HUMANITARIAN PROTECTION

If a person’s application for asylum is refused consideration must be given immediately as to whether he qualifies for humanitarian protection under paragraph 339C of the Immigration Rules.  If he is to qualify he must show that there are substantial grounds for believing that if he is returned to his country of origin he will face a real risk of suffering serious harm and is unable, or owing to such risk, unwilling, to avail himself of the protection of that country.  “Serious harm” consists of:

(i) the death penalty or execution;

(ii) unlawful killing

(iii) torture or inhuman or degrading treatment or punishment; or

(iv) serious and individual threat to a civilian’s life or person by reasons of indiscriminate violence in situations of international or internal armed conflict.

 In practice (iv) is the commonest form of serious harm which gives rise to grants of humanitarian protection.  For example, many Tamil civilians fled the civil war in Sri Lanka and were unable to show that they had any basis for fearing persecution if returned to Sri Lanka, but might be entitled to humanitarian protection because the fighting placed them at risk of death or serious injury. 

Paragraph 339C of the Immigration Rules gives effect to an EU Directive 2004/83/EC, promulgated on 29 April 2004.  Previously the practice of the Home Office in cases which would now be considered appropriate for humanitarian protection was to grant Exceptional Leave to Remain outside the Immigration Rules.

2. Humanitarian Protection (HP) is now particularly relevant in cases of asylum seekers from Syria.  In most cases they will not qualify for asylum because they will be unable to show that if returned to Syria there is a reasonable degree of likelihood that they will be at risk of persecution for a   Convention reason, but they will be able to show that they would be at risk of serious harm as defined above.

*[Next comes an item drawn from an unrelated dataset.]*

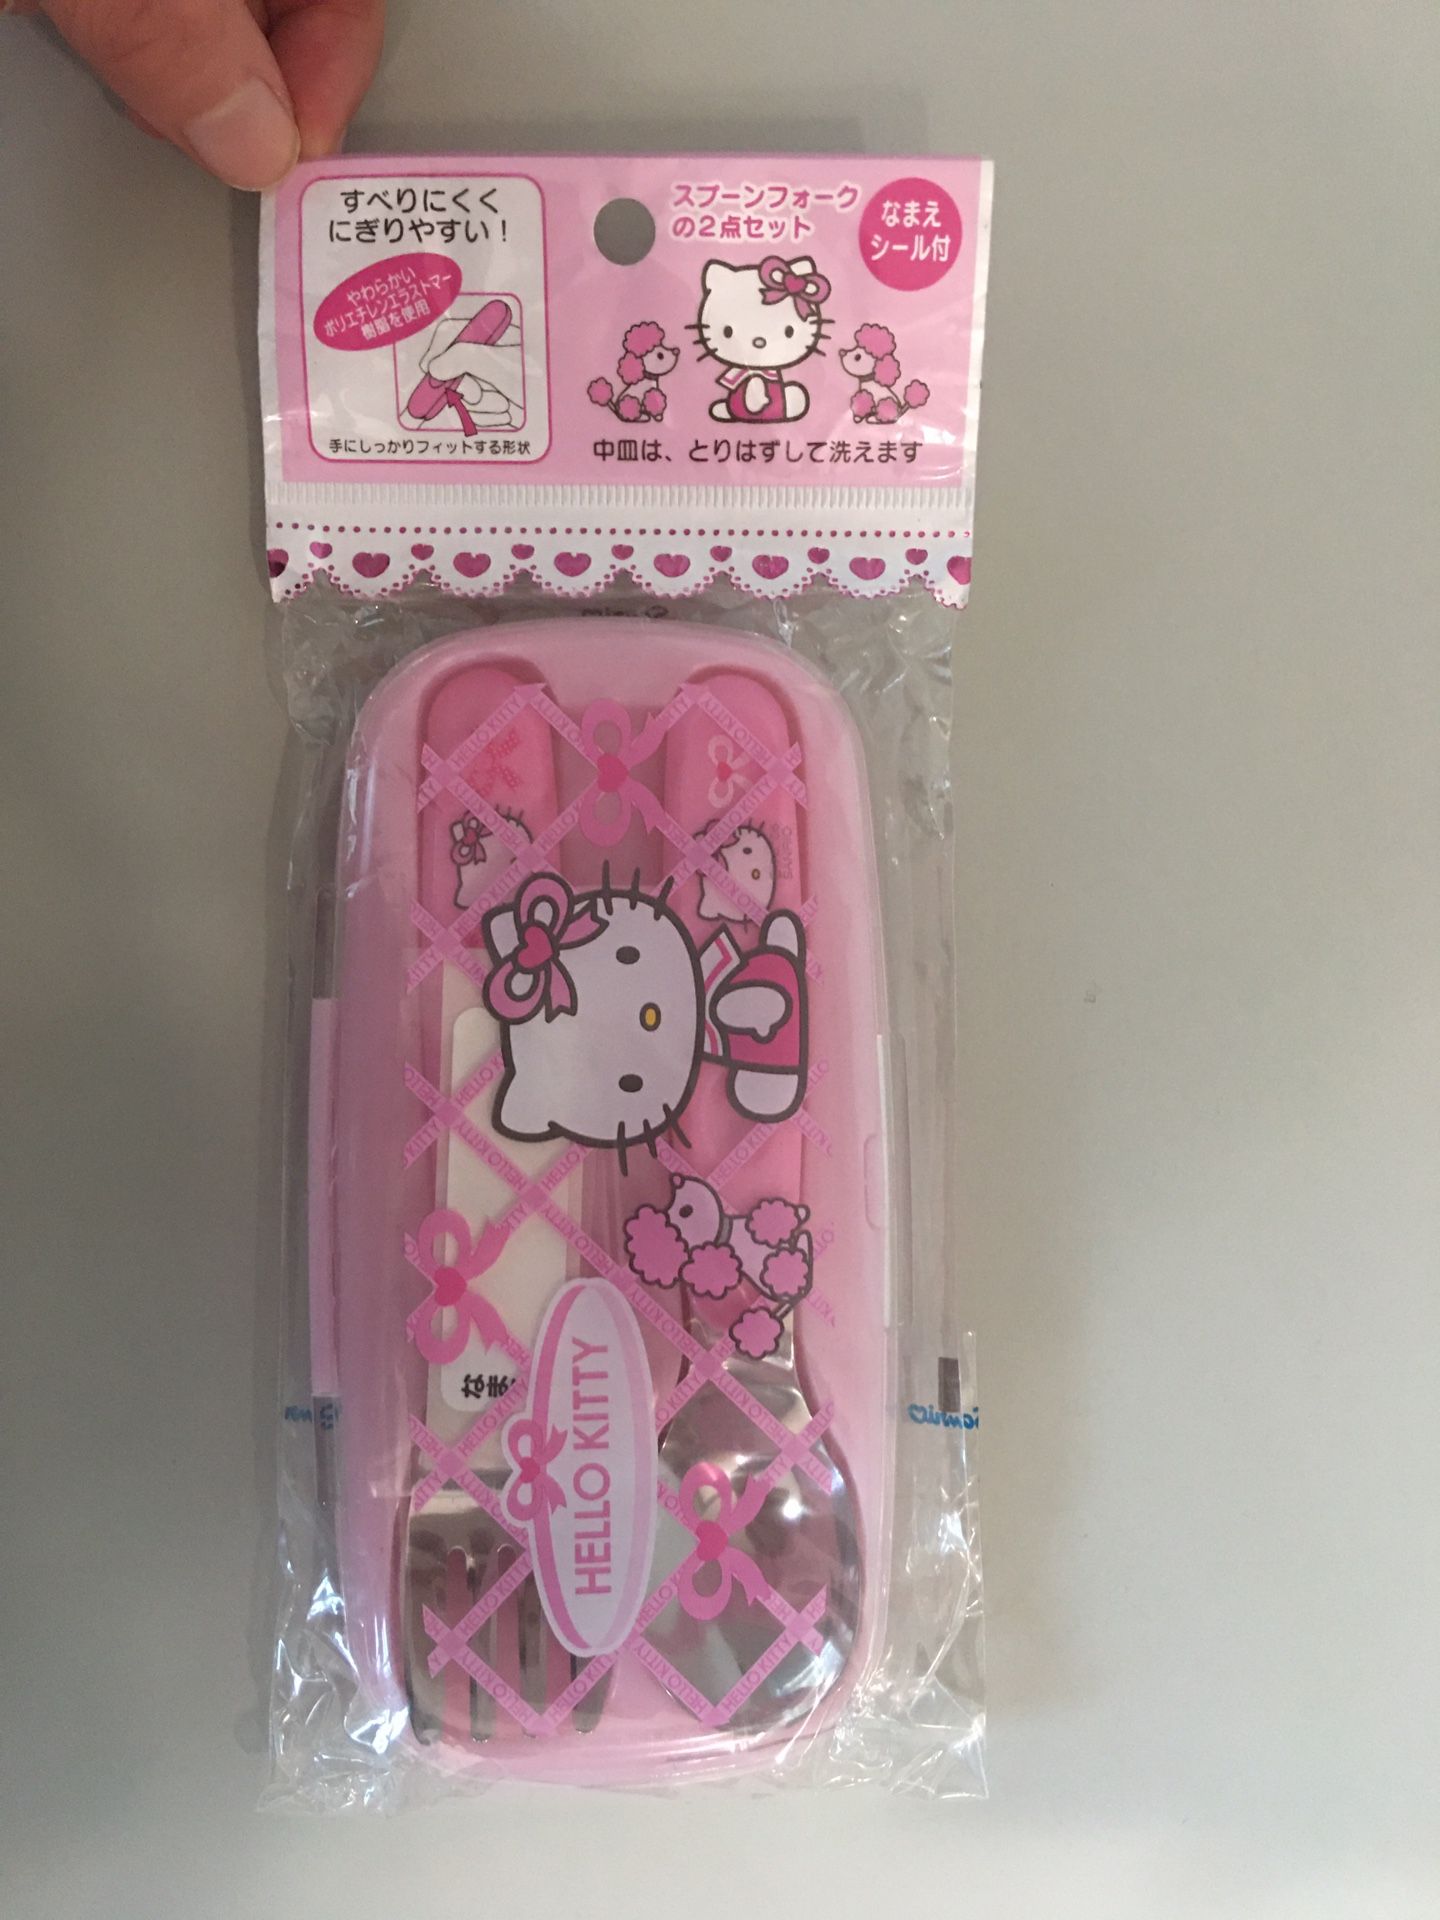 Hello Kitty utensil set

3. The main evidential requirement on a person seeking HP is expressed as mentioned above in Paragraph 339C.  The Secretary of State must be satisfied that:

“substantial grounds have been shown for believing that the person concerned, if he returned to the country of return, would face a real risk of suffering serious harm and is unable, or owing to such risk, unwilling to avail himself of the protection of that country”.

4. Some 5000 Syrian nationals so far have been granted either asylum or HP on the basis of individual applications.  In the case of the former, they were probably selected from refugee camps in Turkey, Jordan or Lebanon with the help of the UNHCR.  It is perhaps arguable that the “country of return” for the purpose of applying Paragraph 339C should, in cases where the applicant has been resident for some length of time, be the first country of refuge. For example, a family that had fled to Turkey some time ago would not be safe in Syria but might be in Turkey.

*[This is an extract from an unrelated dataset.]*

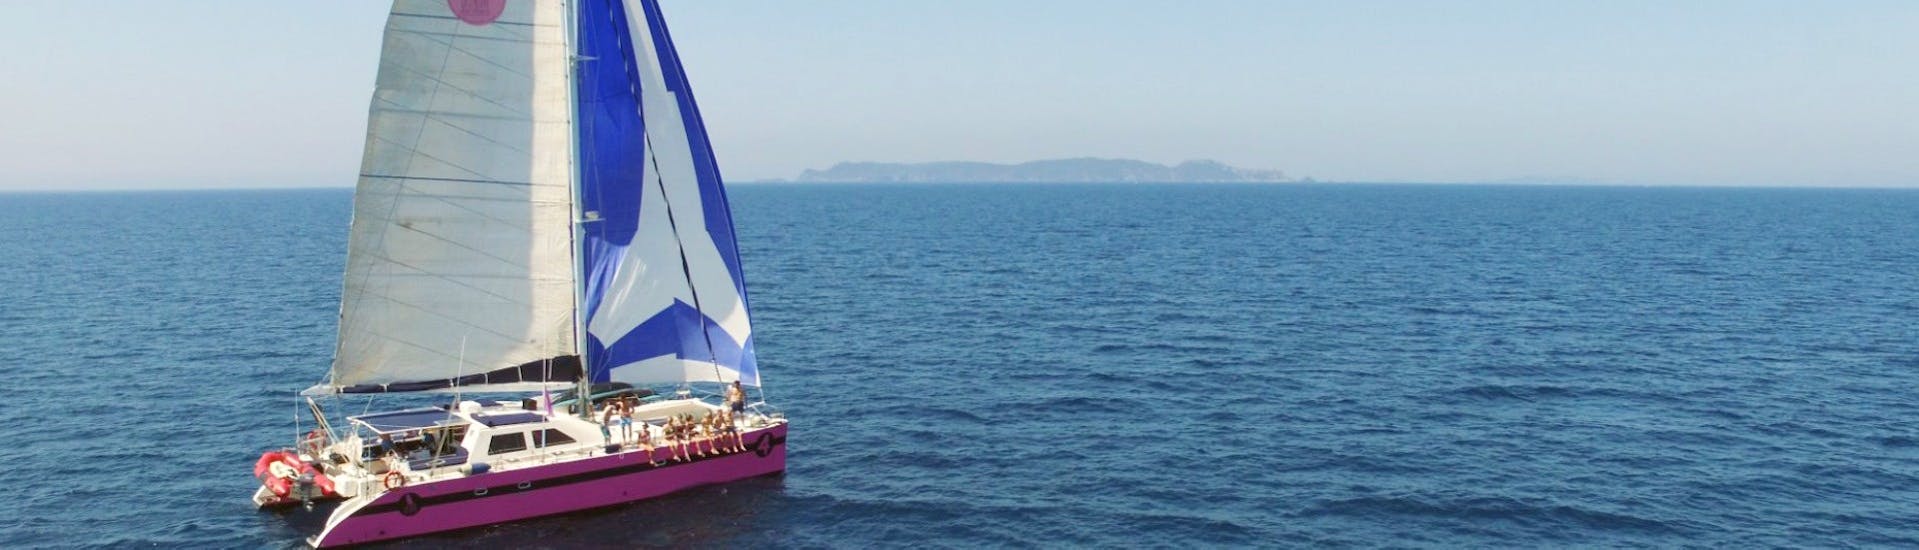 Uitzicht tijdens de Catamarantocht naar de stranden van Salins en de baai van Canoubiers met Caseneuve Maxi Catamaran.

5. If an application for HP is refused, there is a right of appeal as HP is covered by the definition of “protection claim” in section 82 of the Nationality, Immigration and Asylum Act 2002, as inserted by section 15 of the Immigration Act 2014.

6. Outside the grants of asylum under the Refugee Convention or HP under paragraph 339C there have been 200 or so Syrian refugees accepted by the UK under the Syrian Vulnerable Person Scheme  and the Prime Minister announced recently that the government had decided to accept a further 20,000 refugees under the Scheme over the duration of the present Parliament. A recent Home Office paper entitled “Syrian Resettlement Programme” explains that potential beneficiaries of this scheme are selected by the UK from potential beneficiaries identified by the United Nations High Commissioner for Refugees (UNHCR).  Those selected are granted HP for five years.  At the end of that period they may apply for indefinite leave to remain or another form of leave to remain.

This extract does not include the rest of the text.